OSAK is included in the database-side installation bundle. As part of the installation, the bds-database-install.sh installer described in the previous section of this guide does the following:

  • Copies the OSAK kit into the Big Data SQL directory ($ORACLE_HOME/bigdatasql/), unzips it, and verifies the contents of the kit.
  • Creates the symlink $ORACLE_HOME/bigdatasql/orakafka, which links to the extracted OSAK directory.
  • Sets JAVA_HOME for OSAK to $ORACLE_HOME/bigdatasql/jdk.
You can check for the OSAK installation steps in the bds-database-install.sh output. This example is from an Oracle Database 19c system. It is the same on earlier database releases except for the shiphome path.
 ...
 bds-database-setup: installing orakafka kit
 
 Step1: Check for valid JAVA_HOME
 --------------------------------------------------------------
 Found /u03/app/oracle/19.1.0/dbhome_orcl/shiphome/database/bigdatasql/jdk/bin/java, \
JAVA_HOME path is valid.
 Step1 succeeded.
 
 Step2: JAVA version check
 --------------------------------------------------------------
 java version "1.8.0_171"
 Java(TM) SE Runtime Environment (build 1.8.0_171-b11)
 Java HotSpot(TM) 64-Bit Server VM (build 25.171-b11, mixed mode)
 Java version >= 1.8
 Step2 succeeded.
 
 Step3: Creating configure_java.sh script
 --------------------------------------------------------------
 Wrote to /u03/app/oracle/19.1.0/dbhome_orcl/shiphome/database/bigdatasql/orakafka-1.1.0\
/bin/scripts/configure_java.sh
 Step3 succeeded.
 
 Successfully configured JAVA_HOME in /u03/app/oracle/19.1.0/dbhome_orcl/shiphome/database\
/bigdatasql/orakafka-1.1.0/bin/scripts/configure_java.sh
 
 The above information is written to /u03/app/oracle/19.1.0/dbhome_orcl/shiphome/database\
/bigdatasql/orakafka-1.1.0/logs/set_java_home.log.2020.02.20-17.40.23
...

Steps You Must Perform to Complete the OSAK Installation and Configuration

To complete the installation and configuration, refer to the instructions in the Oracle SQL Access to Kafka README_INSTALL file at $ORACLE_HOME/bigdatasql/orakafka/doc.
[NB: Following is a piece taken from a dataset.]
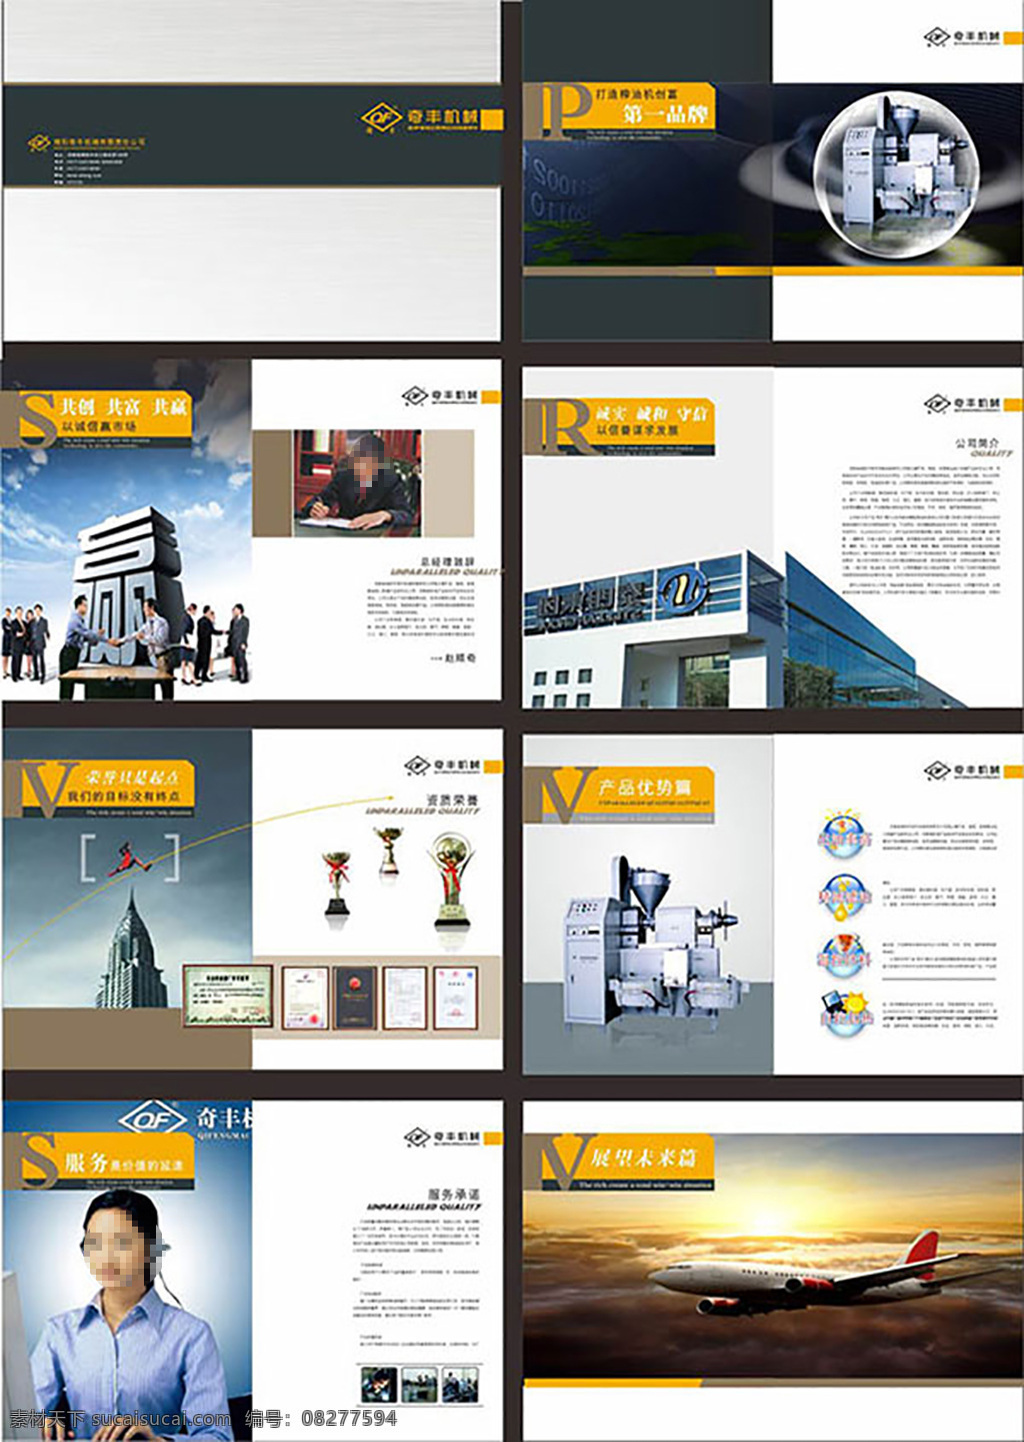 机械公司画册 企业画册 画册设计 画册模板 机械企业画册 品牌形象 品牌设计 宣传册设计 画册设计模板 宣传画册设计 画册封面设计 画册 白色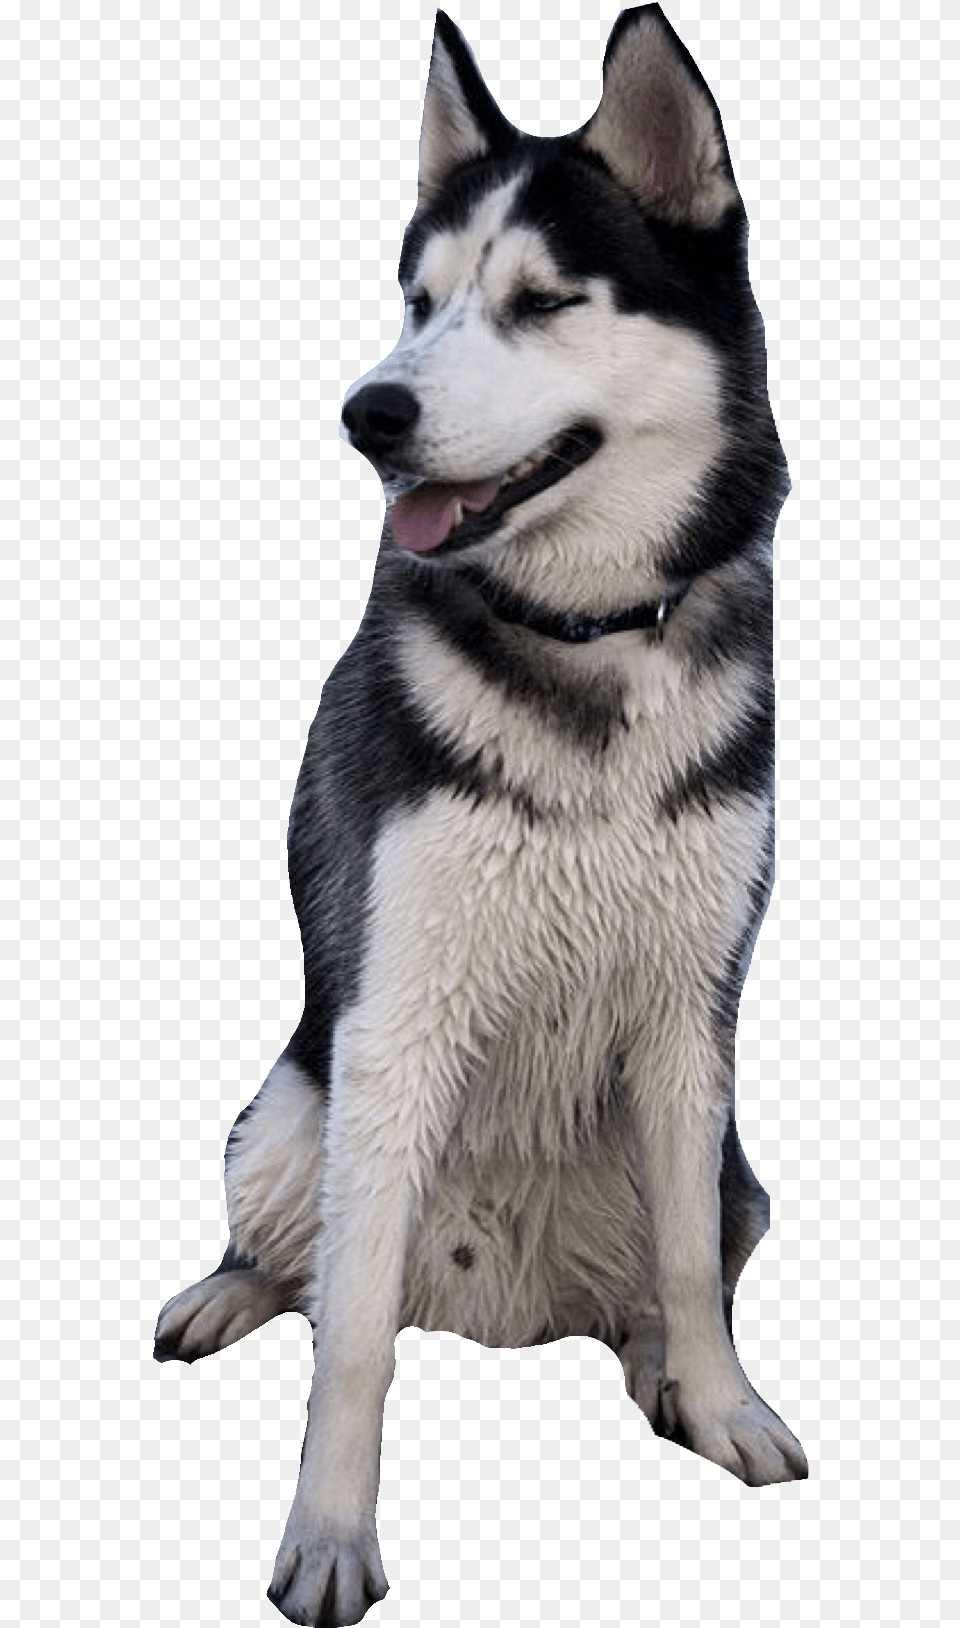 White Dog Siberian Husky Background, Animal, Canine, Mammal, Pet Png Image

The README_INSTALL file tells you how to use orakafka.sh. This script can help you perform the remaining configuration steps:

  • Add a new Kafka cluster configuration directory under $ORACLE_HOME/bigdatasql/orakafka/clusters/.
  • Allow a database user to access the Kafka cluster.
  • Install the ORA_KAFKA PL/SQL packages in a user schema and create the required database directories.

Important:

If you are setting up access to a secured Kafka cluster, then after generating the cluster directory, you must also set the appropriate properties in this properties file.
$ORACLE_HOME/bigdatasql/orakafka/clusters/<cluster_name>/conf/orakafka.properties

The properties file includes some tested subsets of possible security configurations. For general information about Kafka security, refer to the Apache Kafka documentation at https://kafka.apache.org/documentation/#security

When you have completed the configuration, the next step is to register your Kafka cluster. After registering the cluster, you can start using Oracle SQL Access to Kafka to create views over Kafka topics and query the data.

See Also:

Oracle SQL Access to Kafka in the Oracle Big Data SQL User's Guide shows you how to register your Kafka cluster and start working with OSAK.